İki yalçın yamacın arasından başını eğerek geçen yolda babam, uzağı, tepeyi, tepedeki kayalığı göstererek anlatmaya başladı.

“Çok eski çağlarda Toros Dağları’nın tepesinde bir kral kızı yaşarmış. Dağların çevresi çok sık bir ormanla çevrili olduğu için buralarda dolaşmak tehlikeliymiş. Çünkü ormanda büyük bir ejderhanın yaşadığı söylenirmiş. Kral da kızına sık sık çevreyi tek başına dolaşmamasını söylemiş.”

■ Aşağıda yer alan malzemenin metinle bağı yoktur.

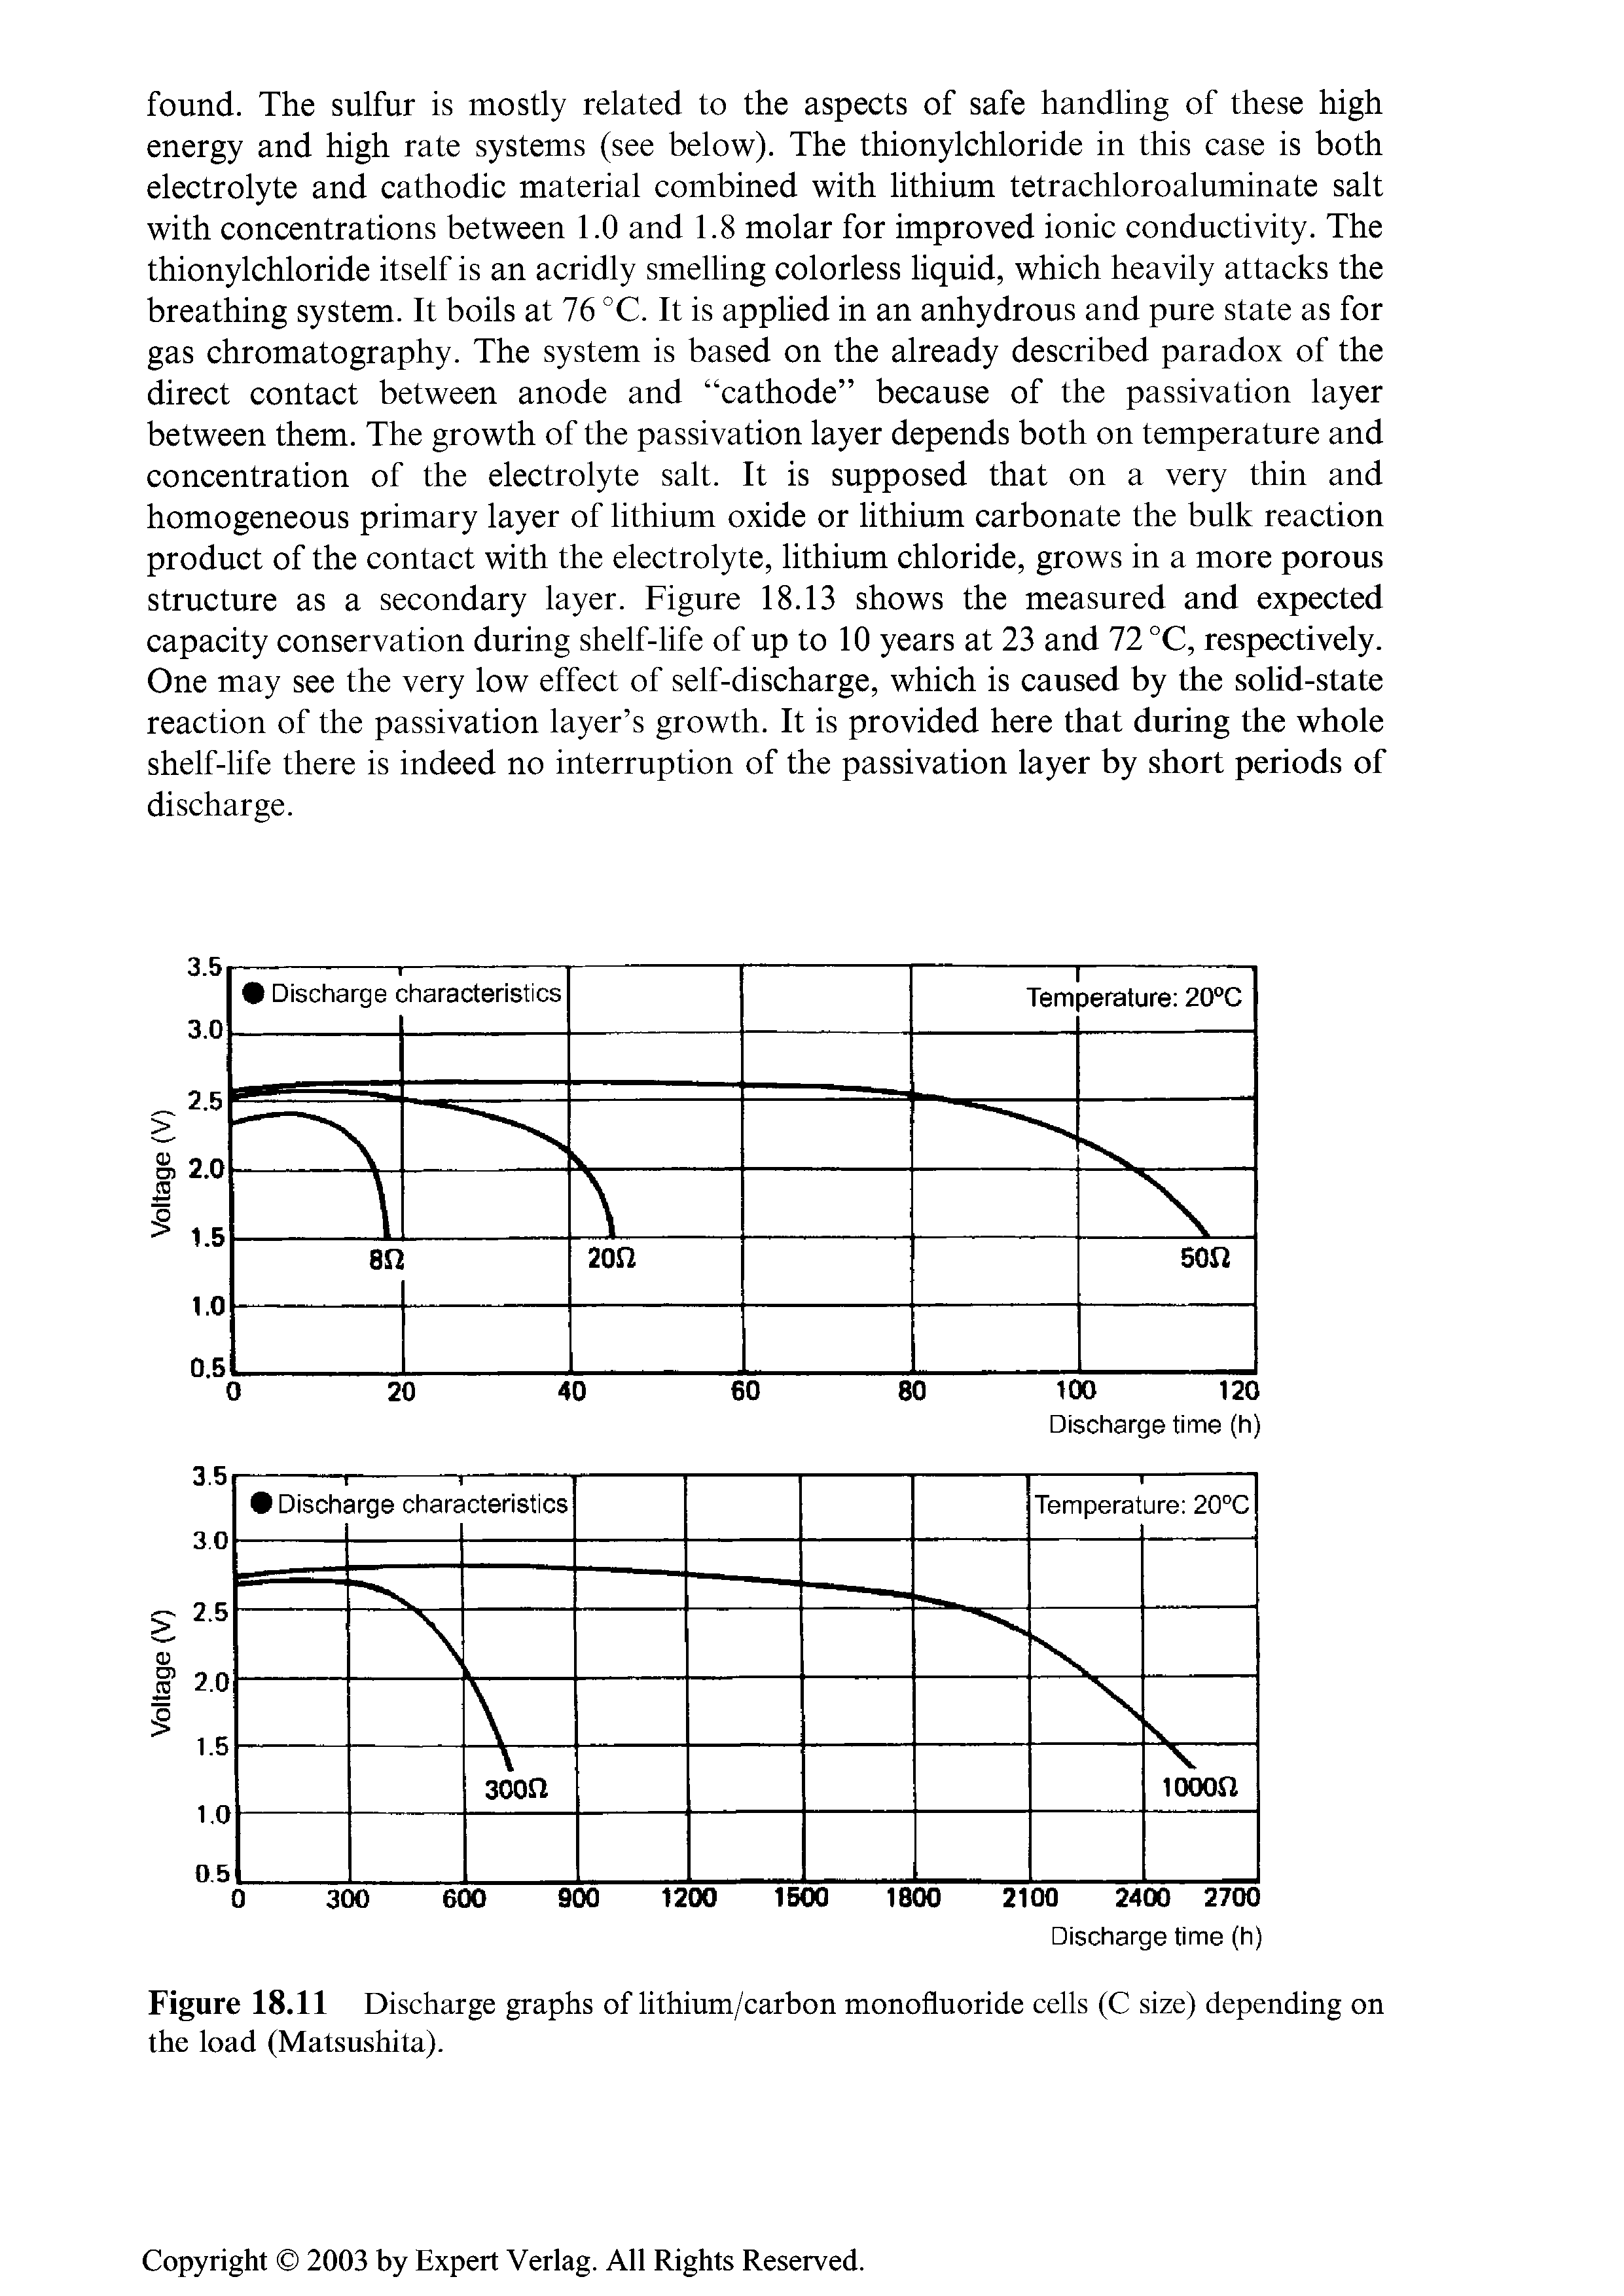 Figure 18.11 Discharge graphs of lithium/carbon monofluoride cells (C size) depending on the load (Matsushita).

“Günlerden bir gün, kızın canı çok sıkılmış ve ormanda dolaşmaya karar vermiş. Bir süre gezdikten sonra dik ve sarp bir kayalığın üzerine oturarak şu geçtiğimiz Gülek Boğazı’nı seyretmeye başlamış. Birden büyük bir gürültü duymuş. Aşağı baktığında kayalıklardan ejderhanın geldiğini görmüş. Ne yapacağını şaşırmış. Kurtulamayacağını anlayınca: “Allah’ım, beni ejderhaya yem yapacağına burada taş yap daha iyi.” diyerek Allah’a dua etmiş. Kızın duasını kabul eden Allah hem kızı hem ejderhayı orada taşa çevirmiş. Bak görüyor musun küçük olanı kız, büyükçe olan ejderha.”

Ben bu hikayeyi daha sonraları da dinledim babamdan. Hiç bıkmadan, hiç anlatmamış gibi defalarca anlattı yolculuklarımızda. İlk defa duyuyormuş gibi dinledim her defasında, hayret ile karşıladım dökülen sözcükleri.

Direksiyon sallayan babanın mürekkep yalayan çocuğu olarak bu efsanenin bir çok varyantına rastladım, Anadolu’da taş kesilme motifi üzerine araştırmalar okudum, efsanelerin çıkış özelliklerine vakıf oldum. Hiç biri babamdan dinlediğim kadar hoş gelmedi bana. Ben de anlatırken babam gibi anlattım, baba gibi anlattım.

Bir belgeselden taşan Gülek Geçidi sözleri aldı seneler önceye götürdü beni. İlla ki babaya hürmet gerektir diyerek çok sözün üstünü örttüm, aza baş eğdim. Tıpkı resim gibi değişen bir dünyanın hülasası ne anlatır yürekten?